- _Assignment_
Only the lines from the start of the data through the line with "MODA: Camisetas de" belong in the copy. Restate them word for word, minus the pictures.

- _Data block_
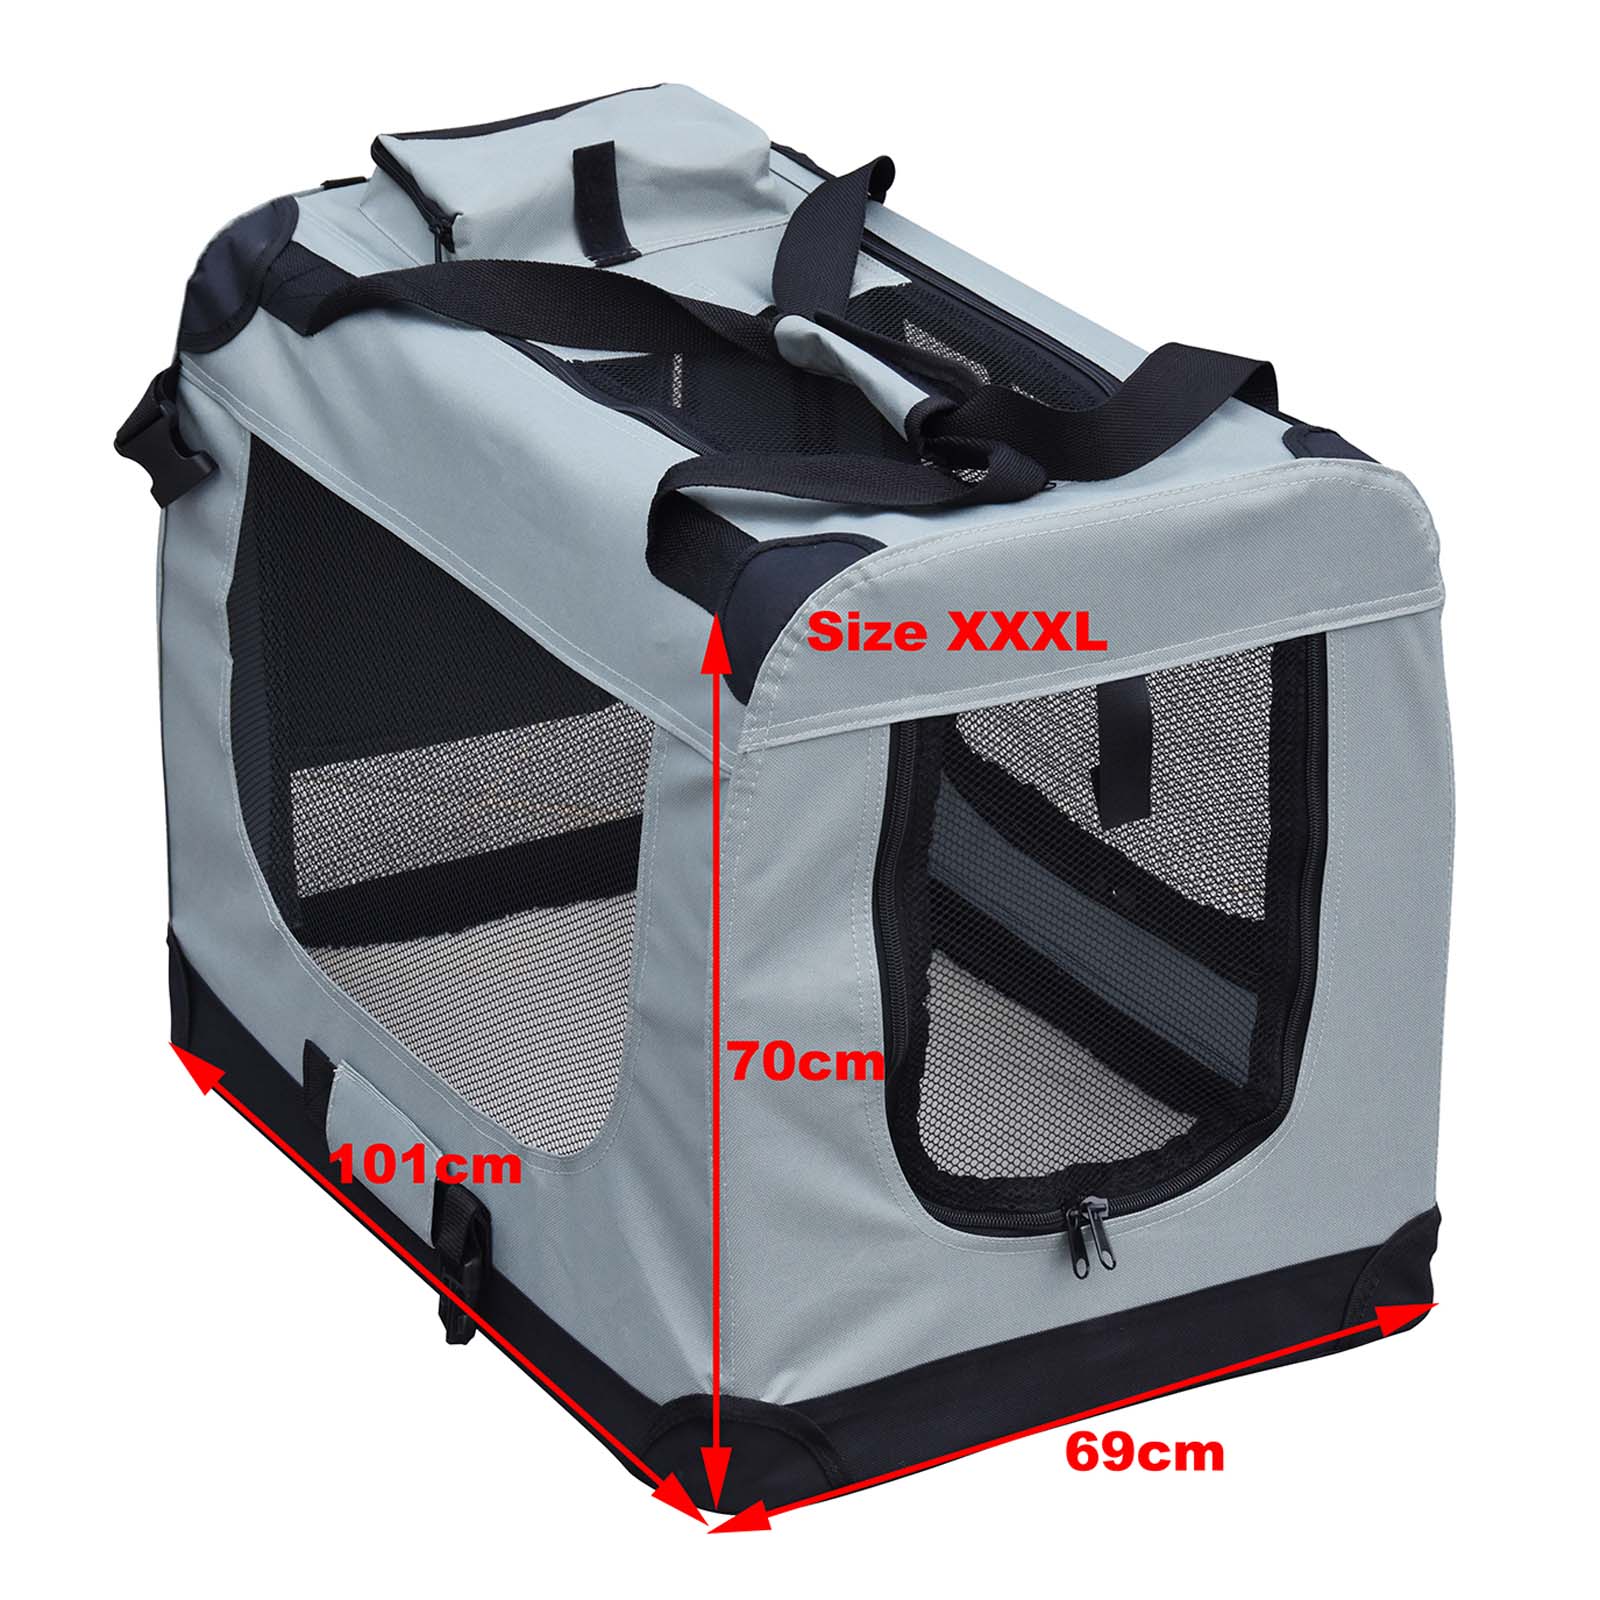 Cage box caisse de transport chien mobile aluminium XXL double
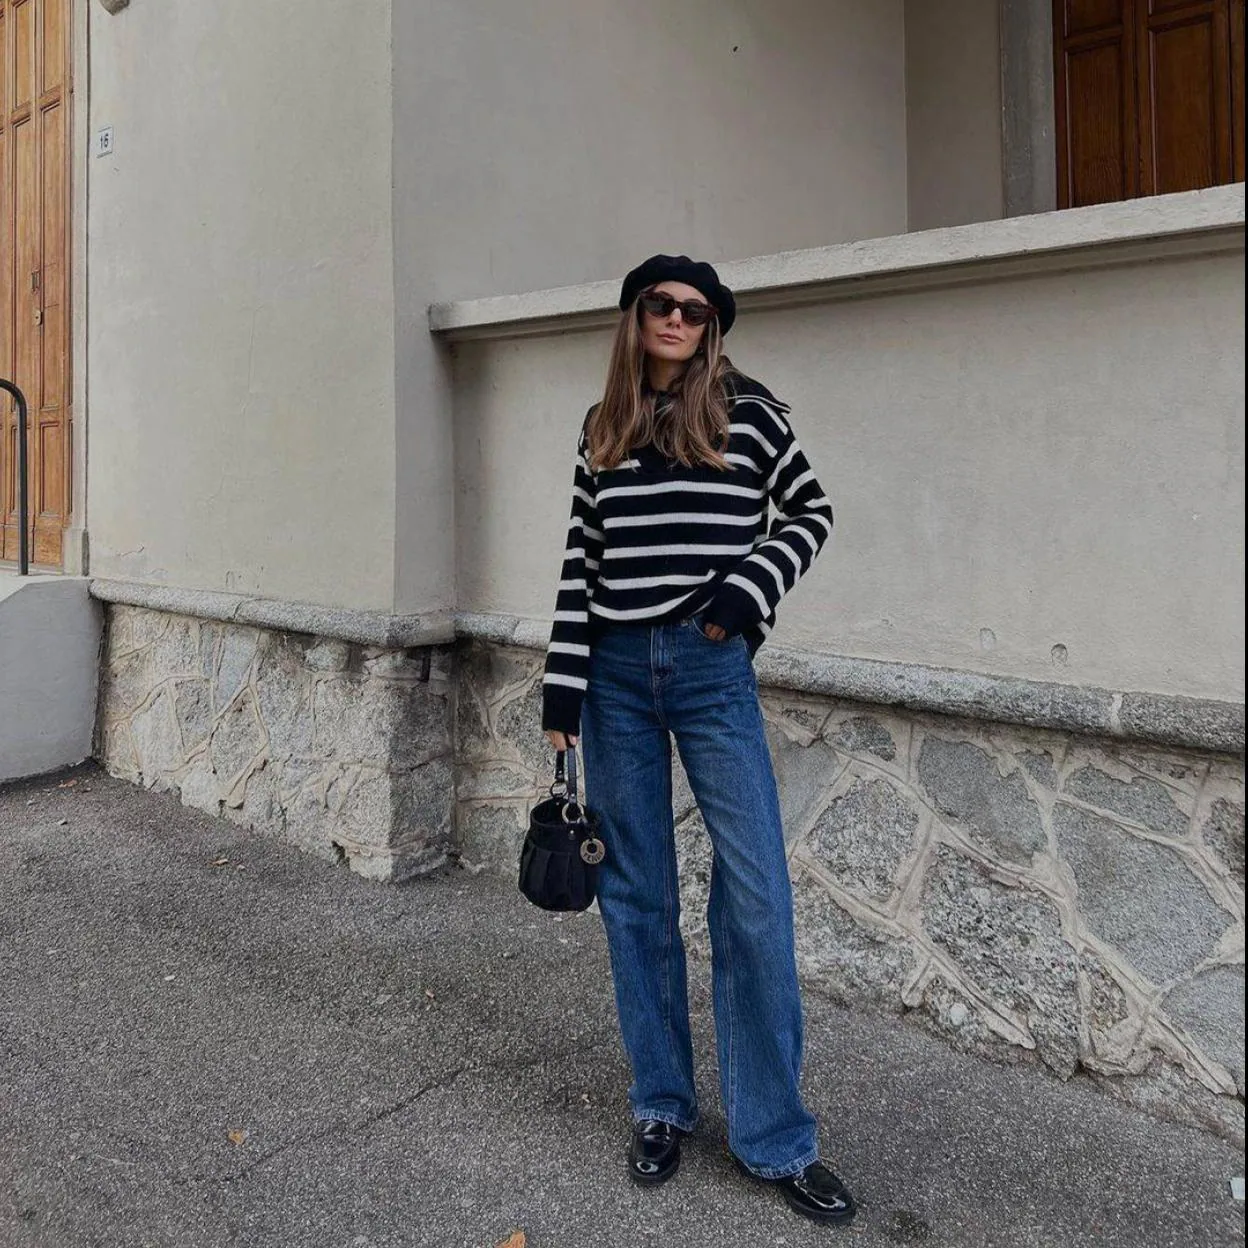 MODA: Camisetas de rayas para un look de estilo parisino encontrarás las rebajas de Massimo Dutti | Mujer Hoy
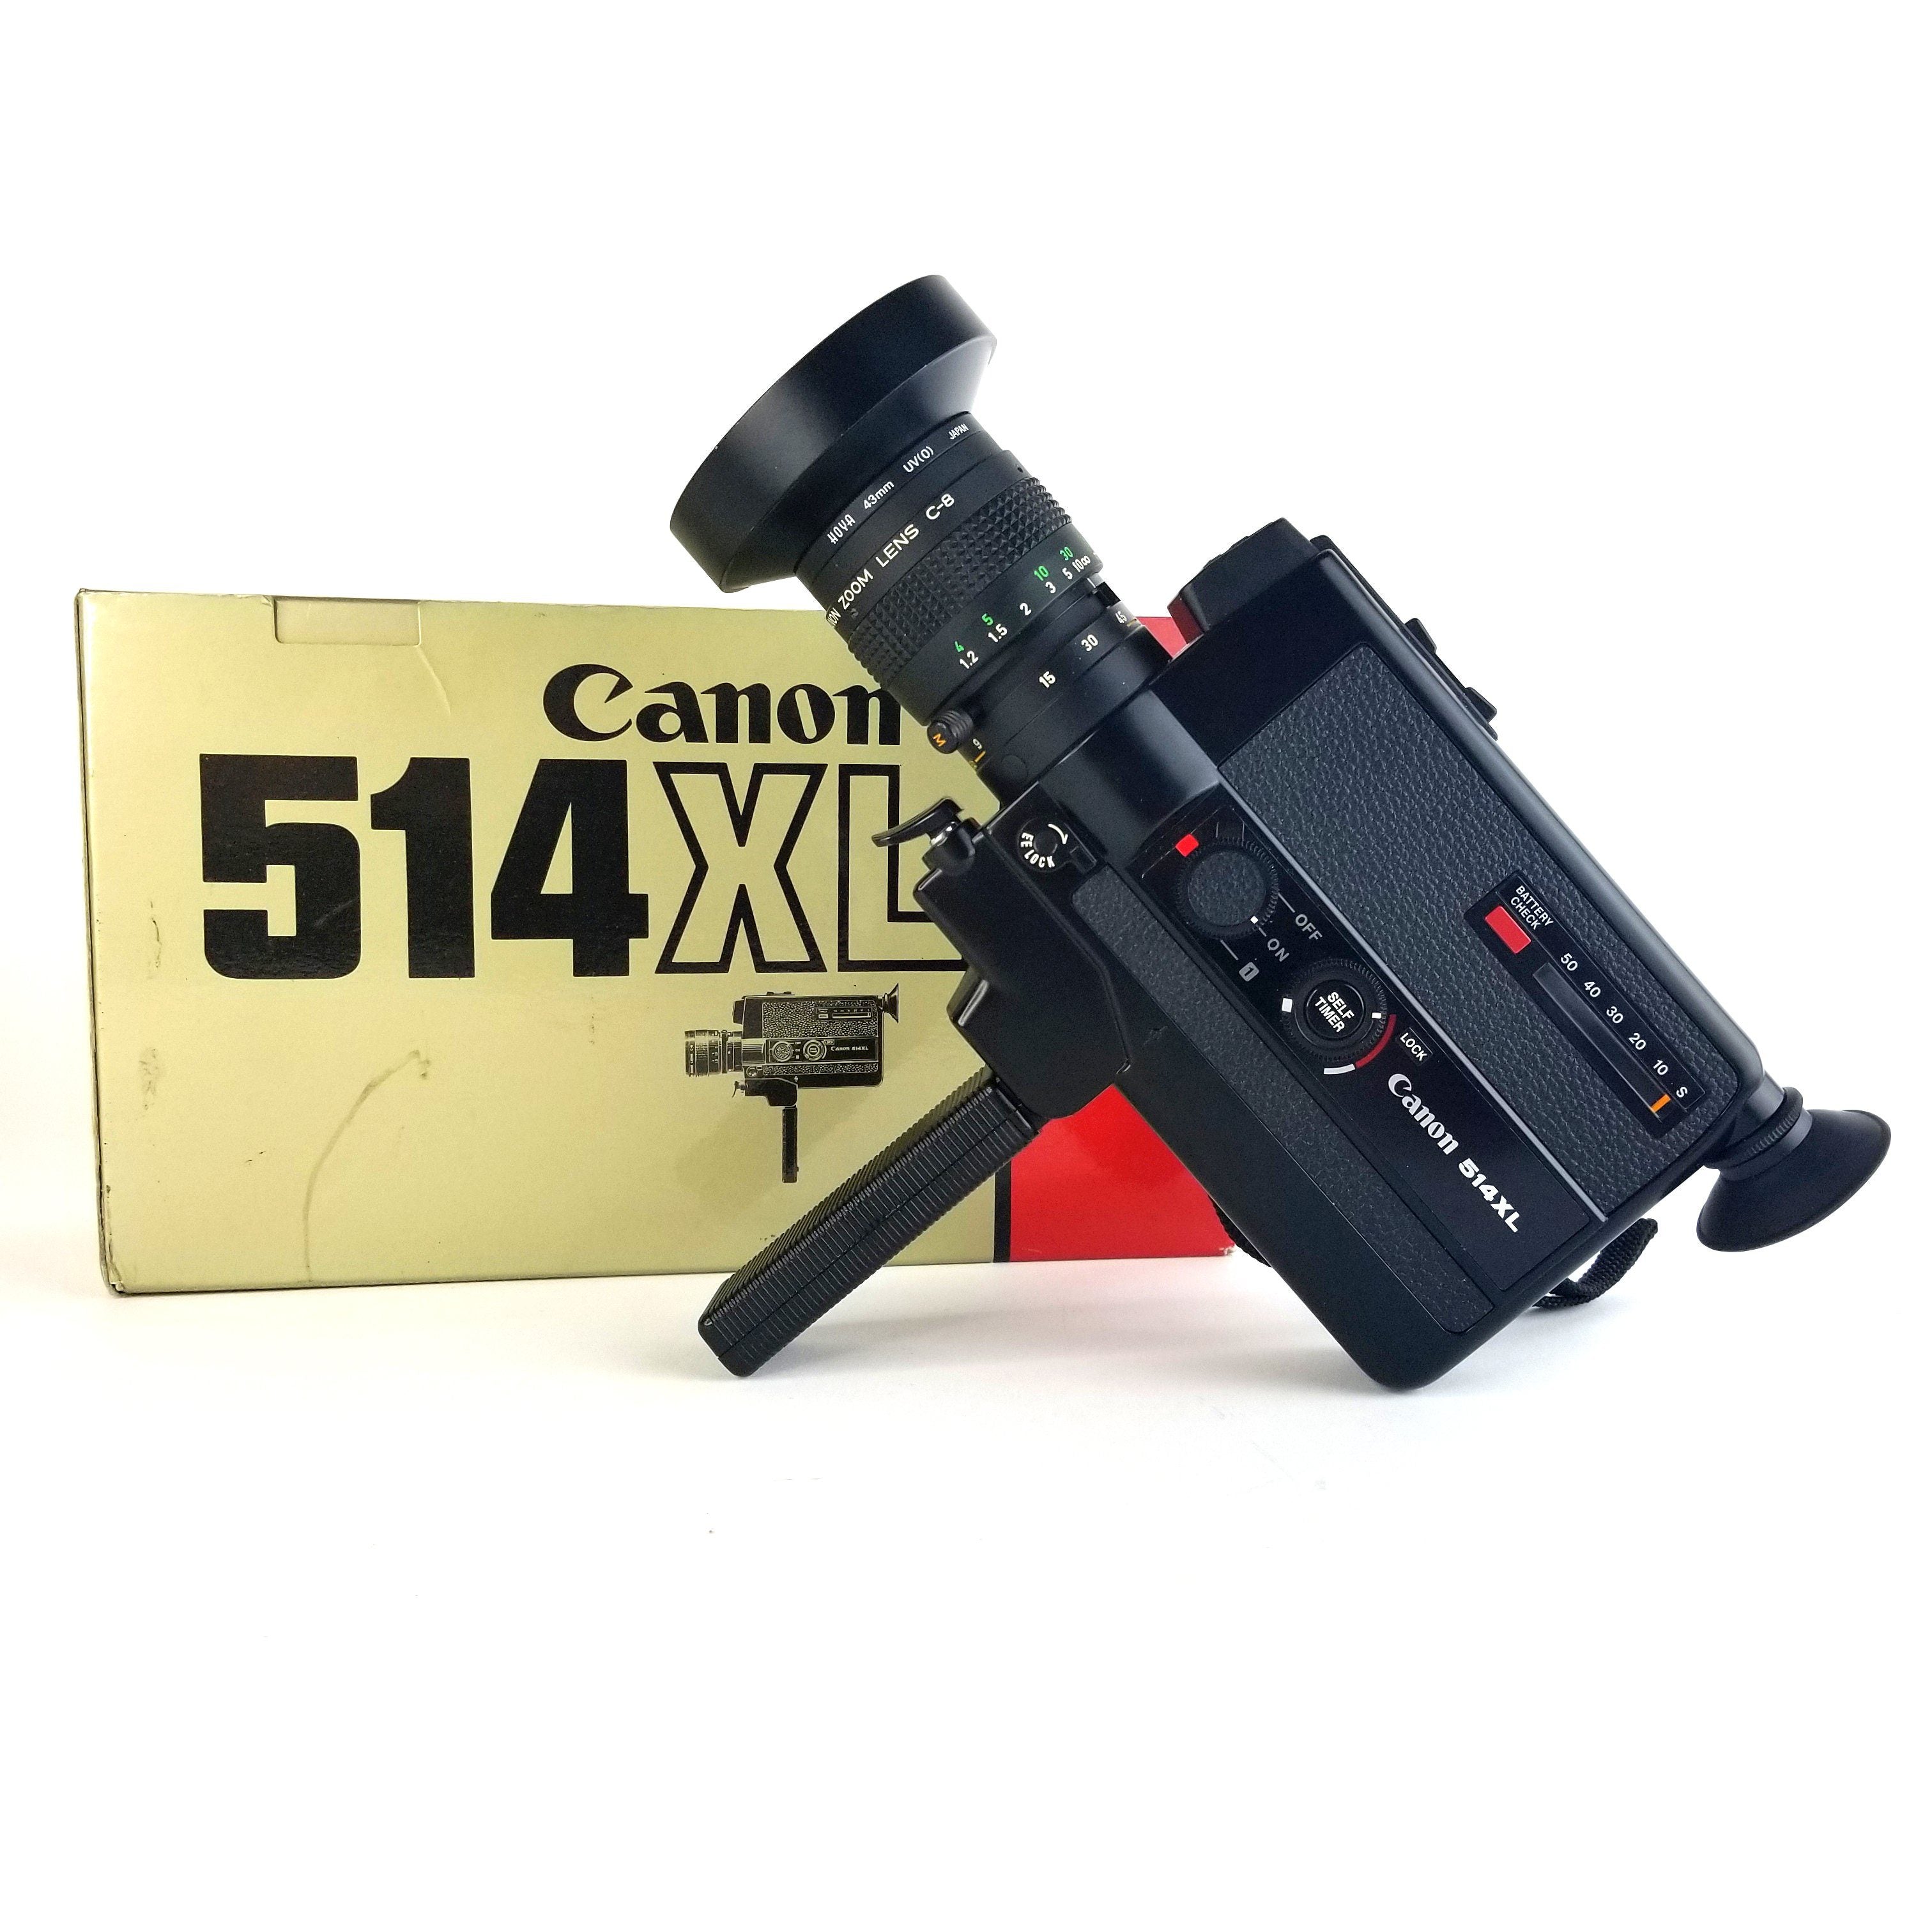 Canon 514XL Super 8 Camera Professionally Serviced With Retail Box & C-8  Wide Attachment

- _Exercise answer_
 Cage box caisse de transport chien mobile aluminium XXL double
 MODA: Camisetas de rayas para un look de estilo parisino encontrarás las rebajas de Massimo Dutti | Mujer Hoy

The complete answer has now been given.